I stopped there and just left, because that was just plain insulting. I know my parents and grandparents don't believe in Santa and they still let Alex and I believe in Santa, and yet they have the nerve to tell me something like that? That's just rude.

My dad has also on several occasions brough up Santa's being real-ness. And on every occasion he brings it up, he always mentions how 'if you don't believe in him, you don't get any presents'.

Okay, I don't mean to get all stereotypical-teenager on my parents, but I'm twelve freaking years old. I KNOW Santa's fake, and I KNOW that my parents are the ones who leave the presents under the tree on Christmas morning. And YES, at one point, I did believe in Santa, and YES, I did enjoy waiting up midnight to try and catch him coming down the chimney, and YES, I did leave cookies and milk on the table in the living room.

But like I said, I'm twelve years old, and those days are over. Sure, I love waking up on Christmas morning and opening the gifts and being with my family, and Santa minused out of that really doesn't change anything. I don't get mad and defy my parent's beliefs, so they have absolutely no reason to defy mine.

Now, just because I don't believe in Santa doesn't mean I'm going to go be evil and ruin other little kid's beliefs. When I see a little kid I know, I usually ask them what they asked Santa for for Christmas. I let them have their fun, just like I had mine.

Anyone who agrees?

~ERIN~

Sunday, December 5, 2010

Average People Make Me Want to SCREAM.

I deserve WAY more respect than I am getting from my classmates.


Formspring.


My YouTube Formspring--blossoming! I've been getting some awesome questions! Some weren't even questions--they were so nice and they made my day! "You're so awesome!" "You are such a great writer; I love Beth's blog!" "Your writing is, like, fine art!" "You take such awesome pictures!" "Erin, you're such a talented photographer!" It makes me want to hug them.

Then I log onto my personal Formspring and my Facebook account, and it's just a bilge of disrespect. The only question I've been asked is "why i'm so in love with cal" which is the biggest sack of dog crap I've ever heard. My response was simply ">.<>

I hate people.
And the sad part about everything is, that my family is considering moving out west, and I'm ACTUALLY agreeing with them. Instead of protesting moving, because I'd miss my friends and my school, I'm actually CONVINCING them that the further we go from Ohio, the better. Further away from Cal, further away from my LIFE, further away from people who hate me, further away from sadness and mean people.



Further away from the place I hate the most.



The only things I would miss are Jacie, Natalie, and Emily; aka my best friends.


To be honest, I don't fully understand why they hate me so freaking much.

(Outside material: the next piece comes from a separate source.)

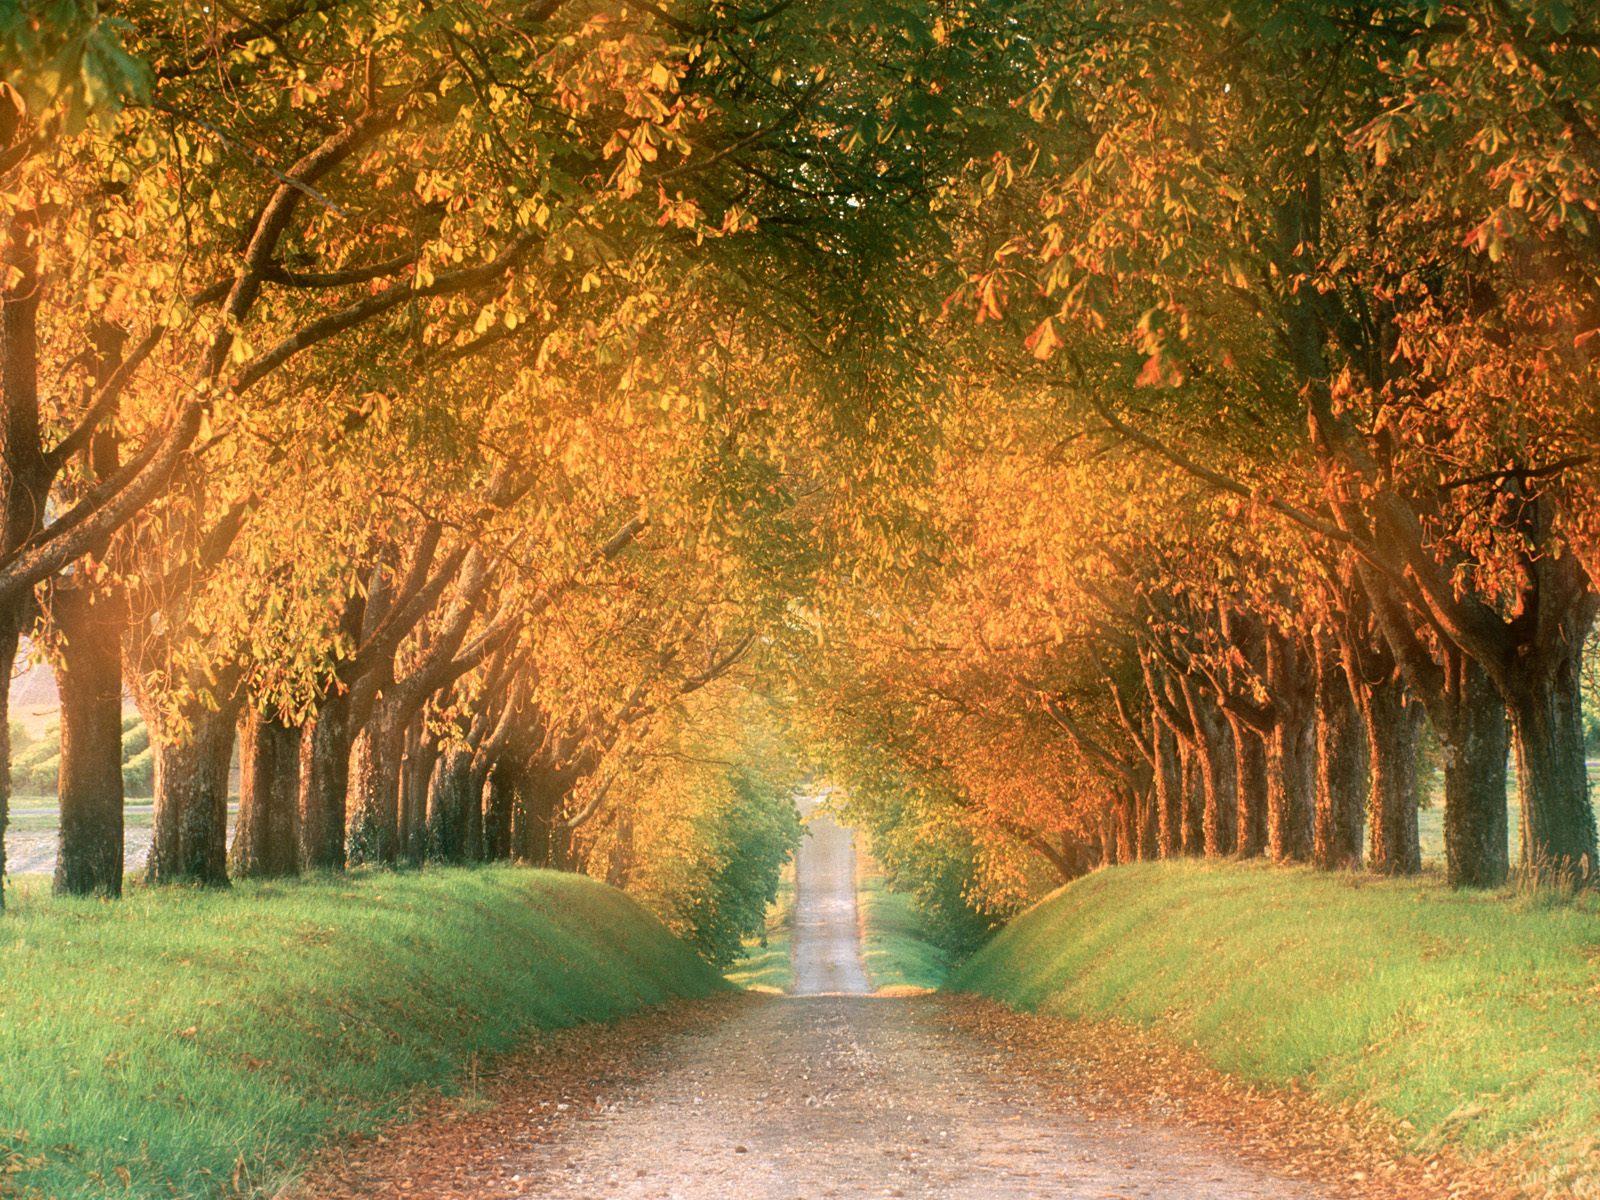 Autumn Road, Cognac Region, France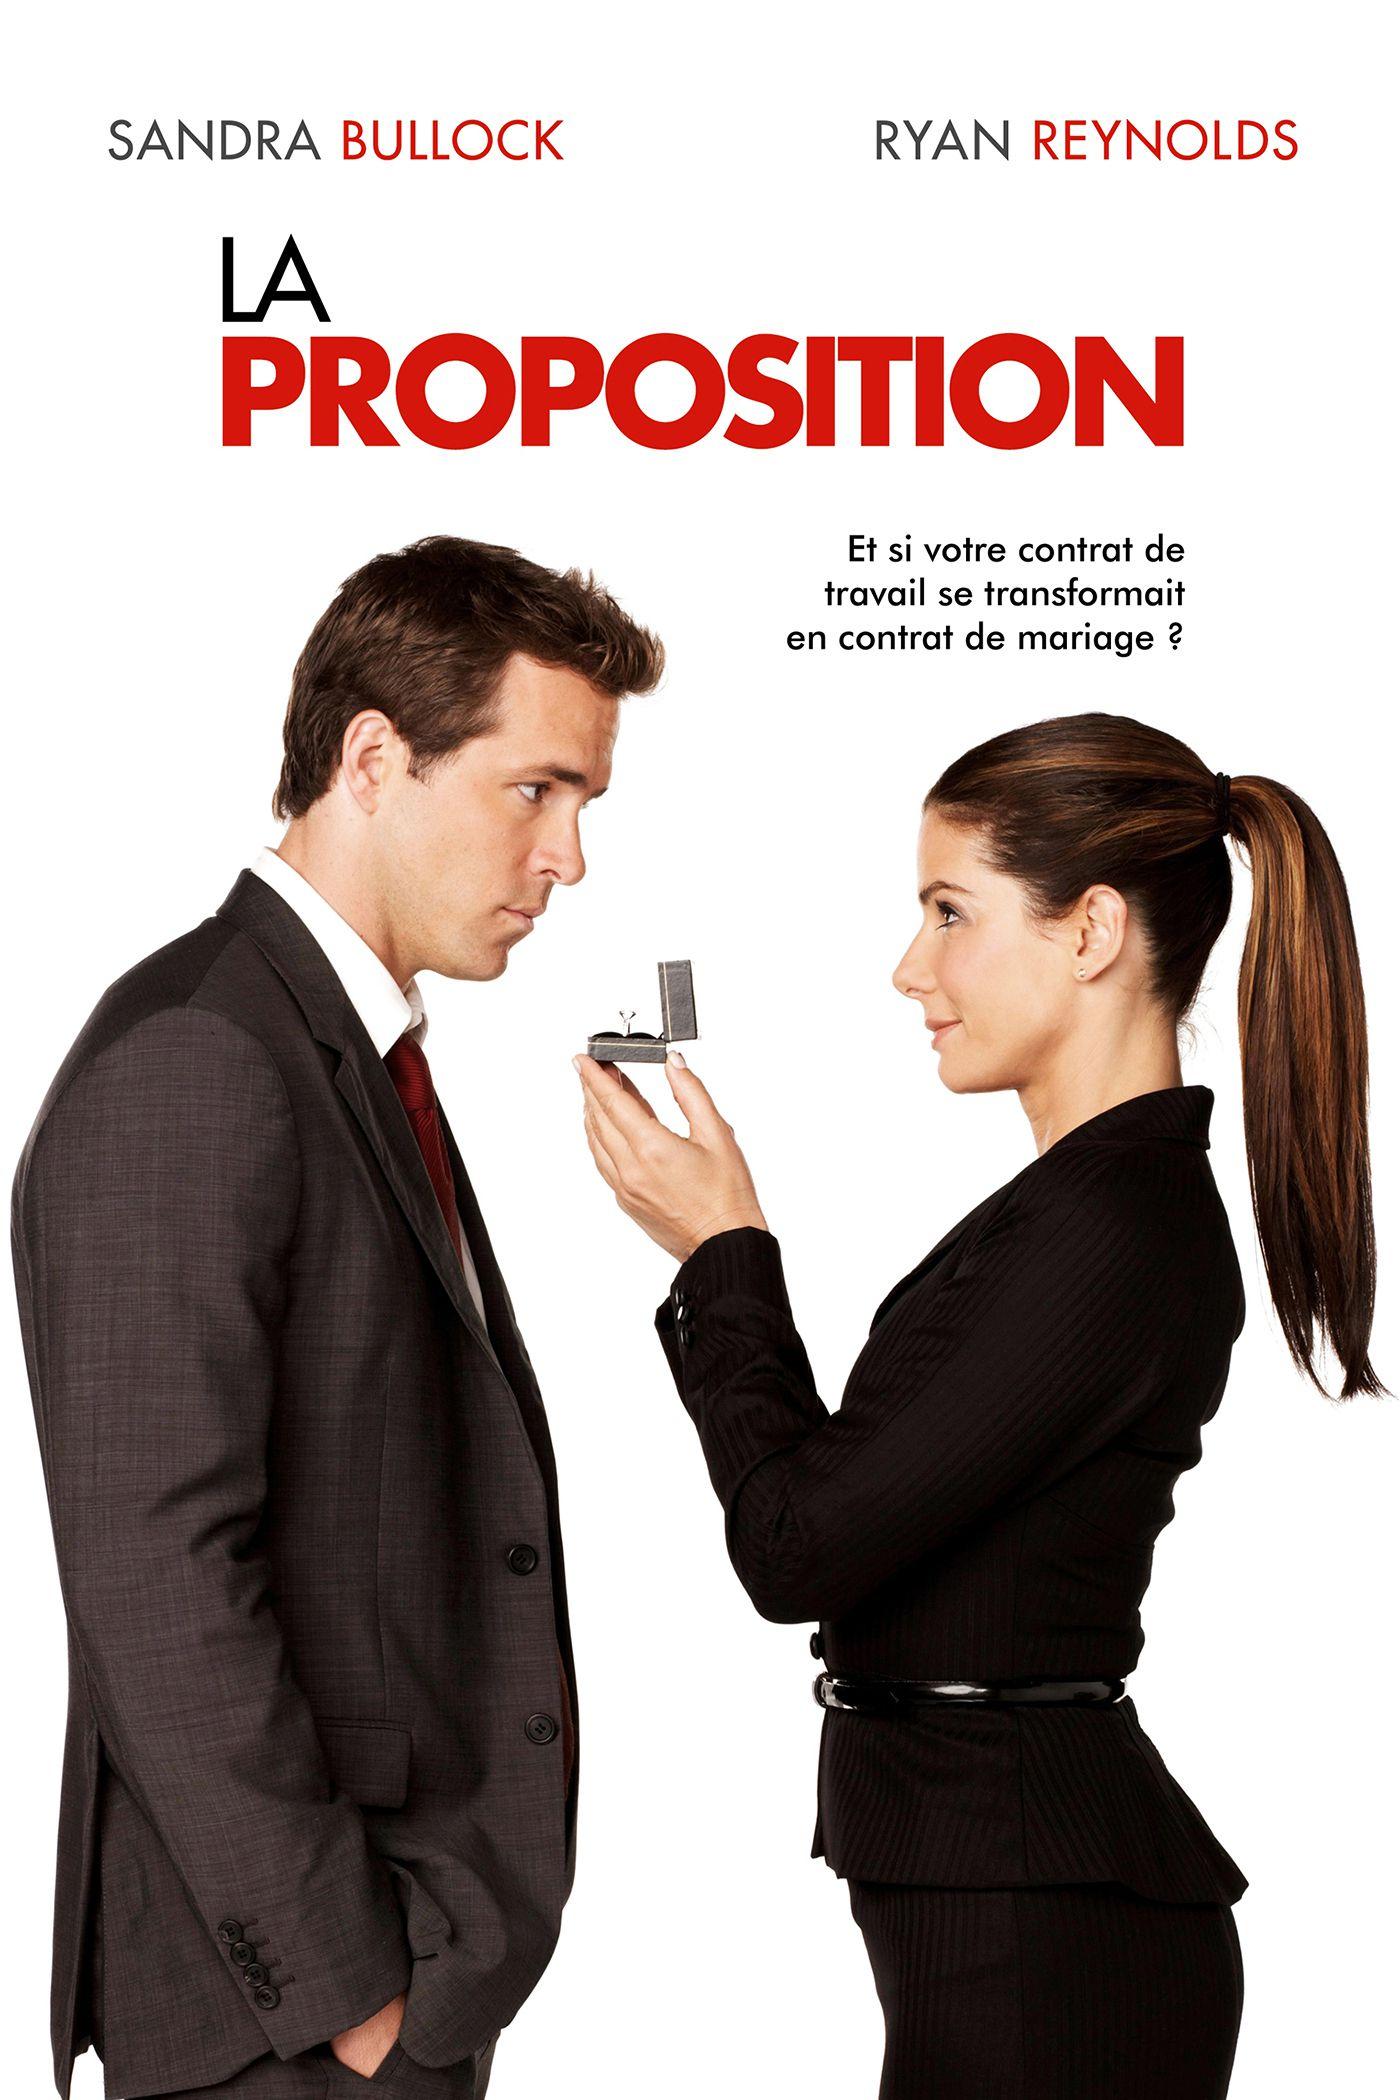 Affiche Poster proposition proposal disney touchstone

I act like the bitches who rule the seventh grade, and I dress like them, and I do everything they do except cheerlead and sports. And I still get disrespected like you wouldn't BELIEVE.

We got new seats in World History on Monday, and now I'm seated next to a teacher's pet of a popular chick. I smiled at her. She looked at me, surveyed my outfit, gave a look that reminded me of a grimace, then looked away. I wanted to knock her into the ground, because that pissed me off so badly. She didn't even SAY anything to me. Which, proves my point, that the only thing that matters to be popular is appearances.

There's this girl named Aly. Mean as heck. Talks to me like I'm a fourth grader. Looks at me like I'm a retard. And yet, she still gets asked out and treated like she's the Queen of England.